▶ [PROBLEM DETAILS]
The expected answer is the full listing, repeated exactly and free of images.

▶ [RECORDED INFORMATION]
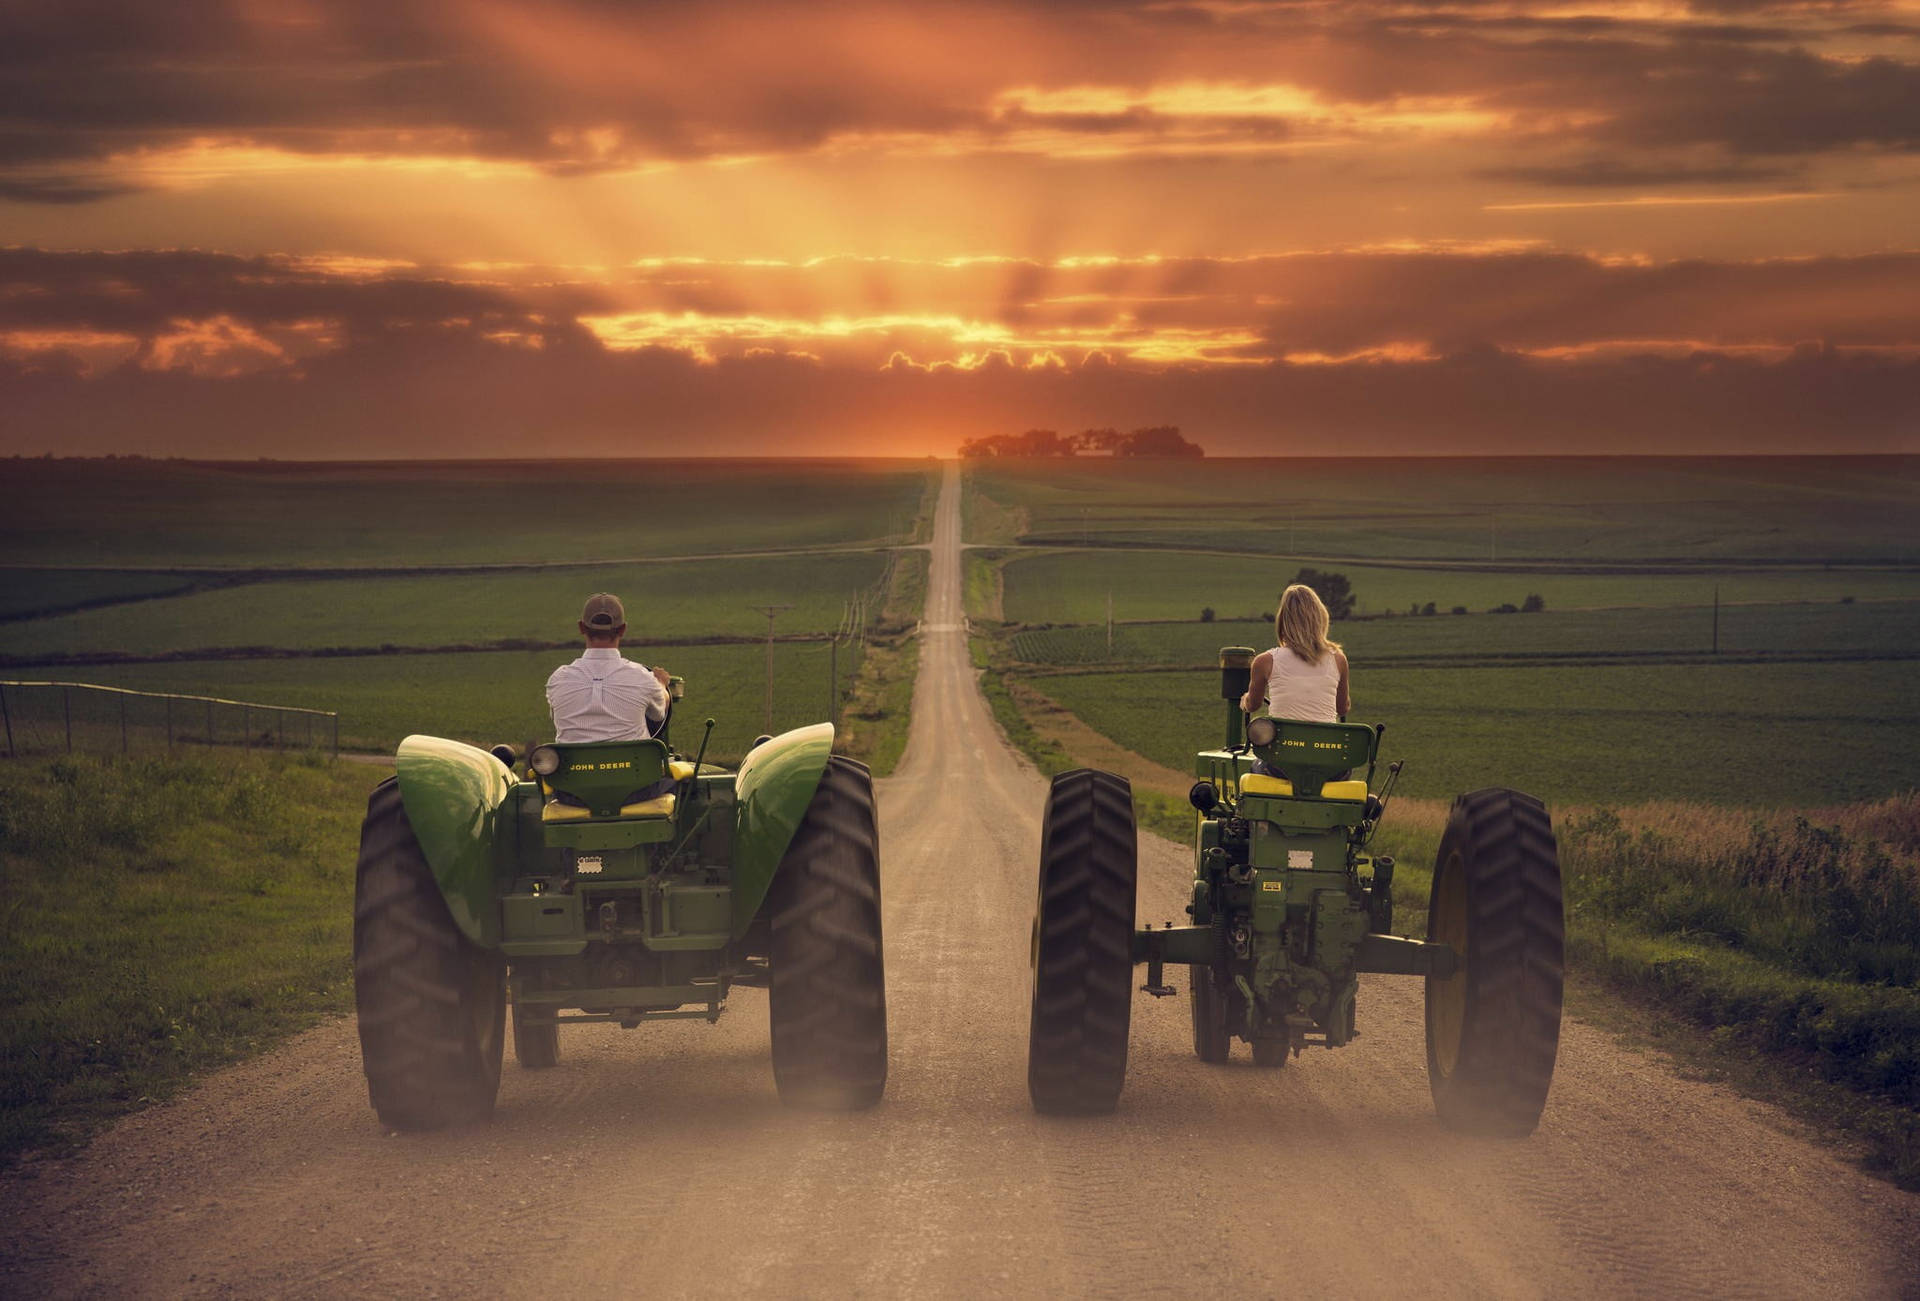 Couple Riding John Deere Tractors
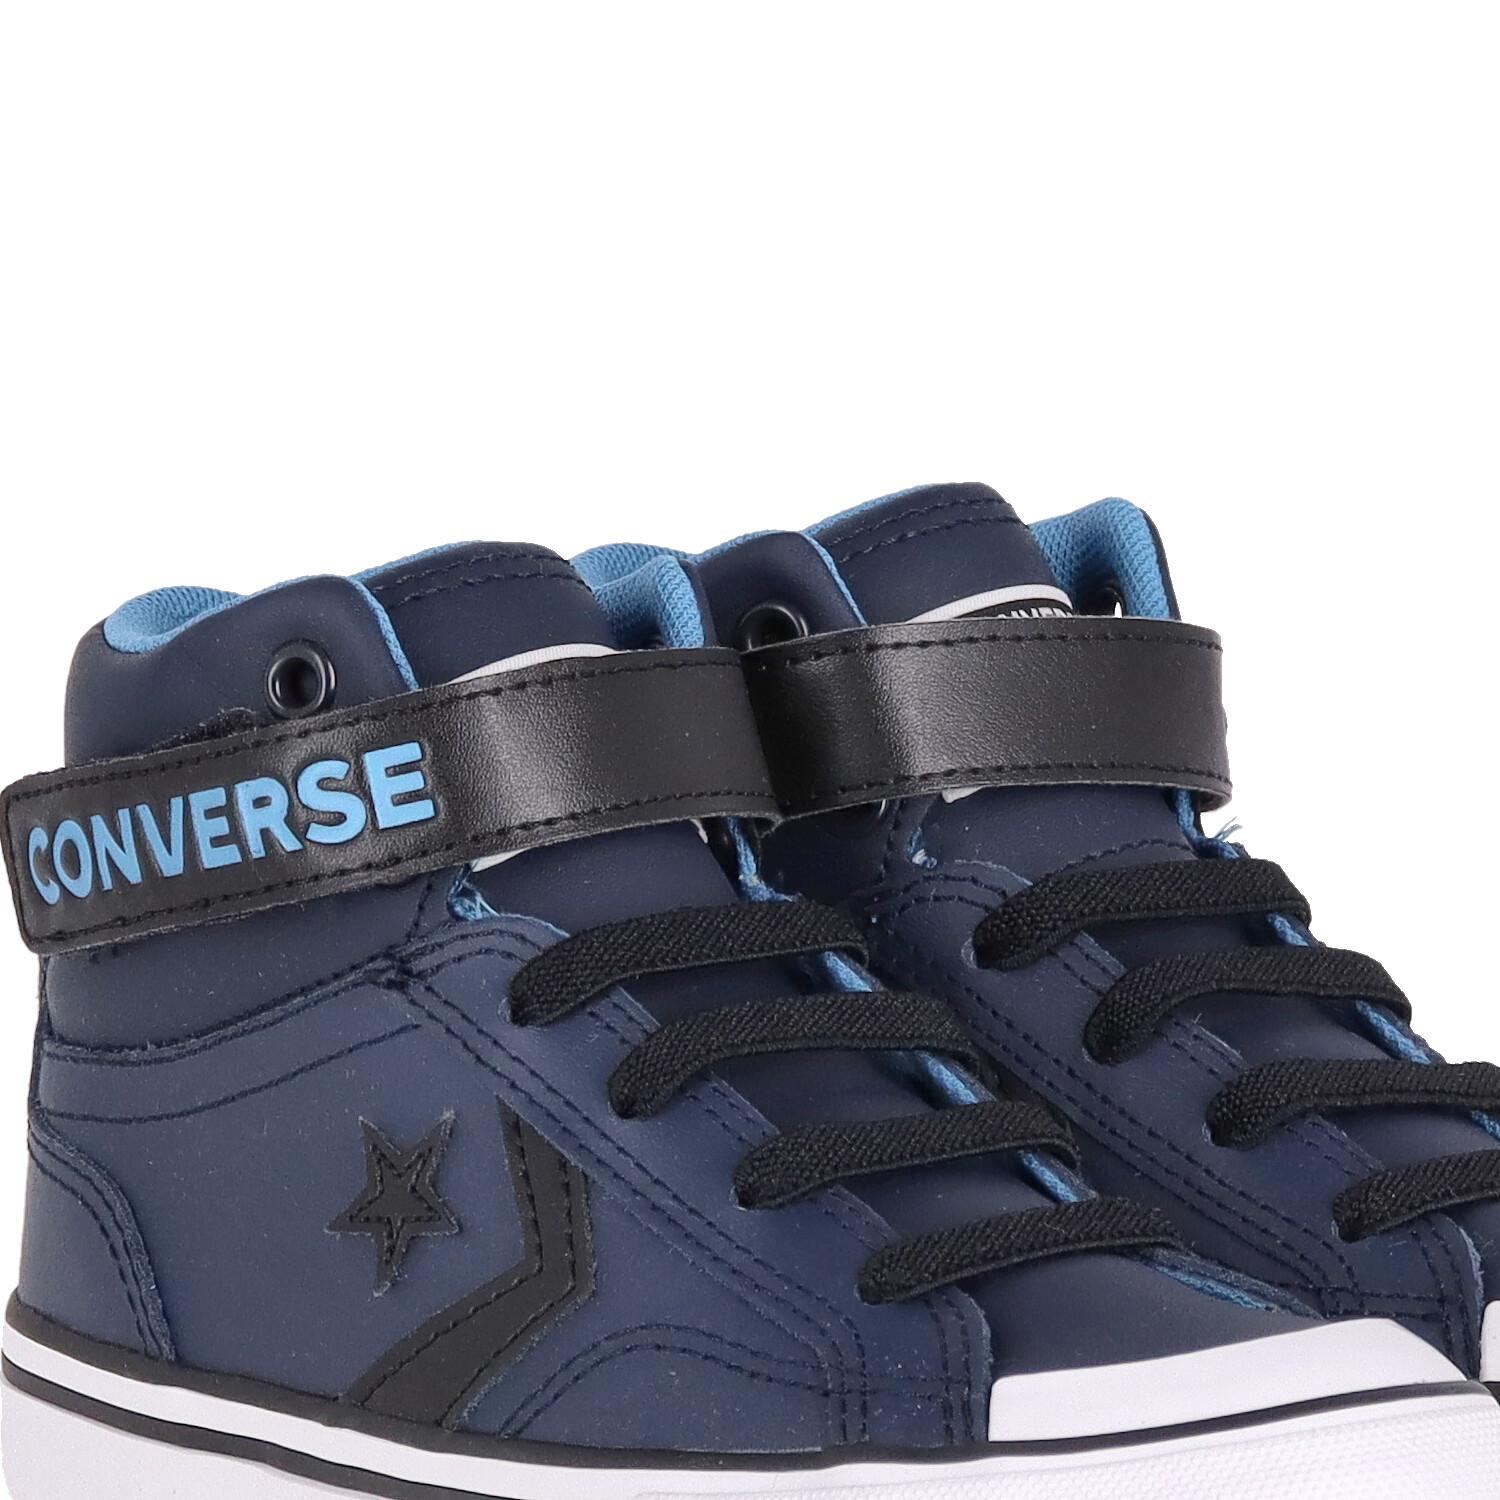 Converse Pro Blaze Hi Strap OBSIDIAN BLACK DUTCH BLUE 
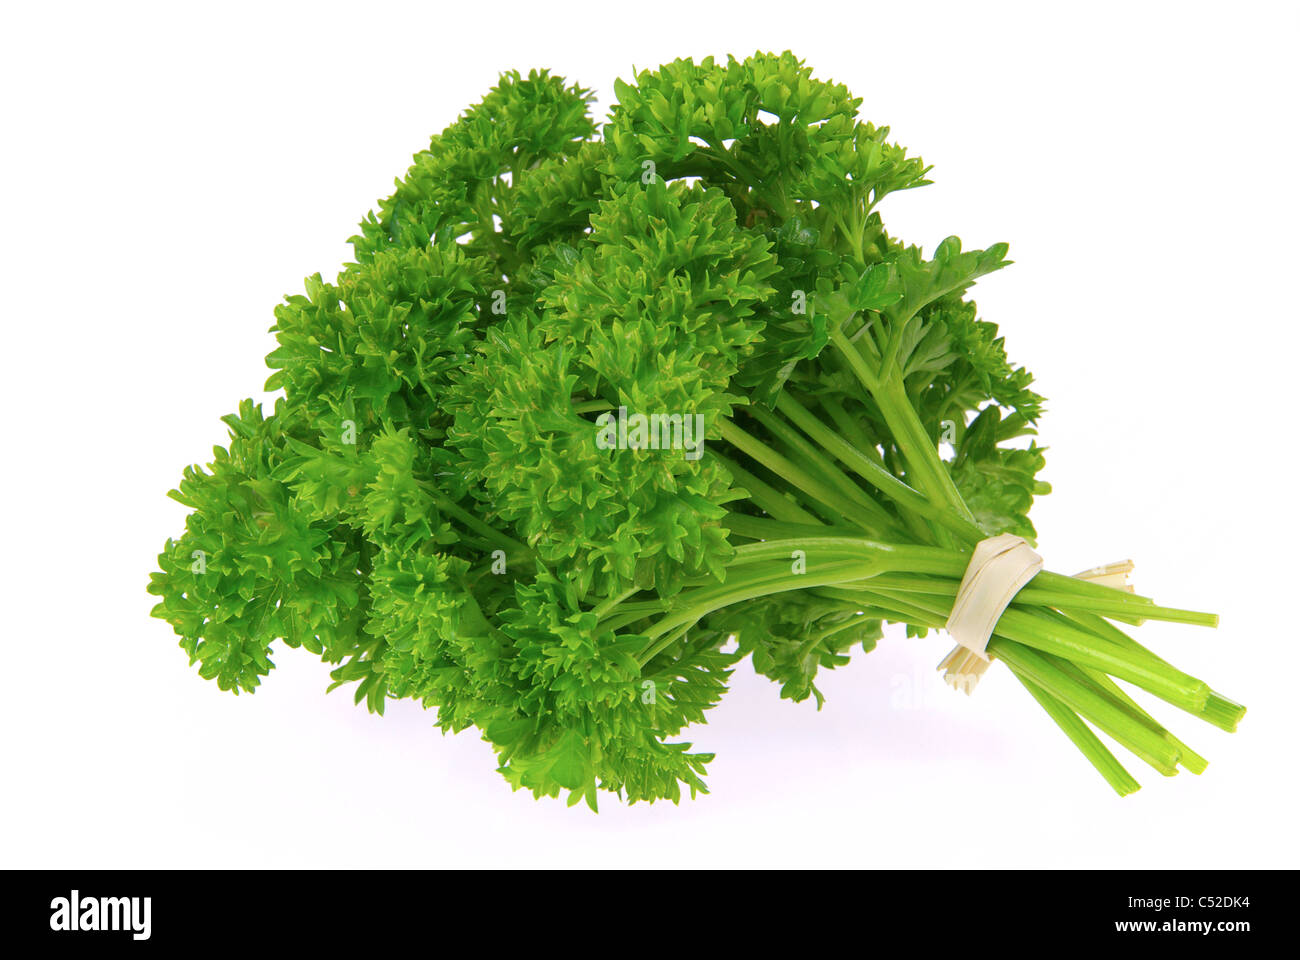 Petersilie - parsley 21 Stock Photo

▶ [RESPONSE TO THIS TASK]
 Couple Riding John Deere Tractors
 Converse Pro Blaze Hi Strap OBSIDIAN BLACK DUTCH BLUE 
 Petersilie - parsley 21 Stock Photo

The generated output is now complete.